How to Block Proxy Servers to Make Your Website More Secure

Proxy servers can be useful, they can be used to benefit you with security testing, however trolls attempting to attack your website often use proxy servers.

What Is a Proxy Server?

A proxy server allows the user to hide their internet identity; if you want to require all of your site visitors to access your WordPress website legitimate-ly, there is a simple two-step fix to block connections from proxy servers with PHP and .htaccess.
Some sites don’t mind receiving visitors from a proxy server, but there are many sites which require a user to access their pages from a legitimate source. Prohibiting access via proxy server ads an extra layer of security, but it isn’t necessary to keep your site secure. It’s like adding an extra layer of protection.
Blocking proxy access is an all or nothing solution, so before proceeding, make sure you are willing to prohibit all admittance from these servers.
Before starting this tutorial make sure you backup your website files and the database.

Step One

The first step in this two-step tutorial is simple. Add the below code snippet to your website’s root .htaccess file. Add it before any existing code.

# BLOCK PROXY VISITS

<IfModule mod_rewrite.c>

RewriteEngine on

RewriteCond %{HTTP:VIA} !^$ [OR]

RewriteCond %{HTTP:FORWARDED} !^$ [OR]

RewriteCond %{HTTP:USERAGENT_VIA} !^$ [OR]

RewriteCond %{HTTP:X_FORWARDED_FOR} !^$ [OR]

RewriteCond %{HTTP:PROXY_CONNECTION} !^$ [OR]

RewriteCond %{HTTP:XPROXY_CONNECTION} !^$ [OR]

RewriteCond %{HTTP:HTTP_PC_REMOTE_ADDR} !^$ [OR]

RewriteCond %{HTTP:HTTP_CLIENT_IP} !^$

RewriteRule .* - [F]

</IfModule>

Save and upload.

Return to your website to ensure everything is working correctly. Test a few of your links to see if these load and connect successfully. This first step blocks some proxy servers, but to set up a total block, move on to the second step.

Step Two

The second step, or layer, in this security solution, is the PHP portion. Go to your admin theme’s function.php file. This file is in your WordPress folder, under wp-content. If you do not have a function.php file under your theme, upload a blank one before moving forward.
Copy and paste the below code into your function.php file, at the very end.

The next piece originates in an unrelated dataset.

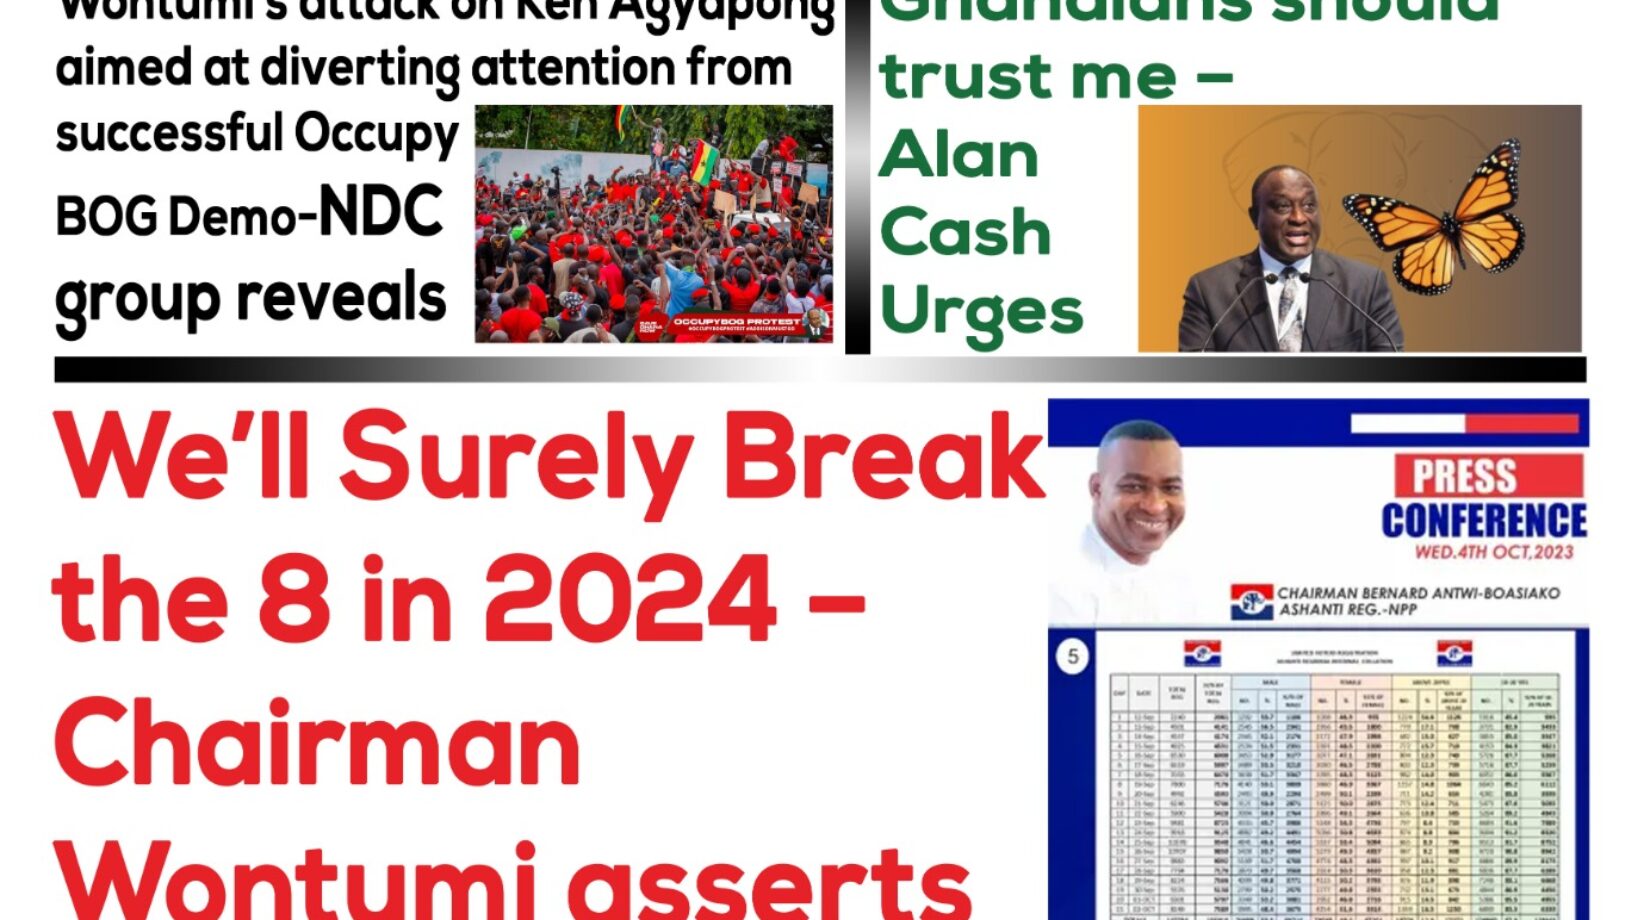 Thursday,5th October,2023 Edition of The New Trust Newspaper

// block proxy visits @ http://m0n.co/01

function shapeSpace_block_proxy_visits() {

if (@fsockopen($_SERVER['REMOTE_ADDR'], 80, $errstr, $errno, 1)) {

die('Proxy access not allowed'); } } add_action('after_setup_theme',

'shapeSpace_block_proxy_visits');

This second layer of protection blocks some of the most tricky proxy servers. Go back to your website and check its functionality. If is working correctly, it’s time to move on to the testing phase.
Note: Notice how this code has a message function to display when visitors access your site via a proxy.

“Proxy access not allowed.” You can customize this to say whatever you like.
Save and upload this segment of code. If implemented correctly, there should be no issues navigating around your site.

Testing

Now the heavy lifting is done, test out your new security feature by at-tempting to reach your site via a few different proxy servers. I recommend trying multiple proxy servers to check the code thoroughly.
For demonstration purposes I will use Hidester.com

• 1. Go to https://hidester.com/proxy/
• 2. Past your website address in the Enter URL field and click Surf anony-mously.

If everything done correctly, you should get an access not allowed message.
Your two layers of protection will block most attempts to reach your Word-Press website via a proxy server.

The coding provided cannot guarantee to block 100 percent of proxy servers, but your site is indeed more protected than before.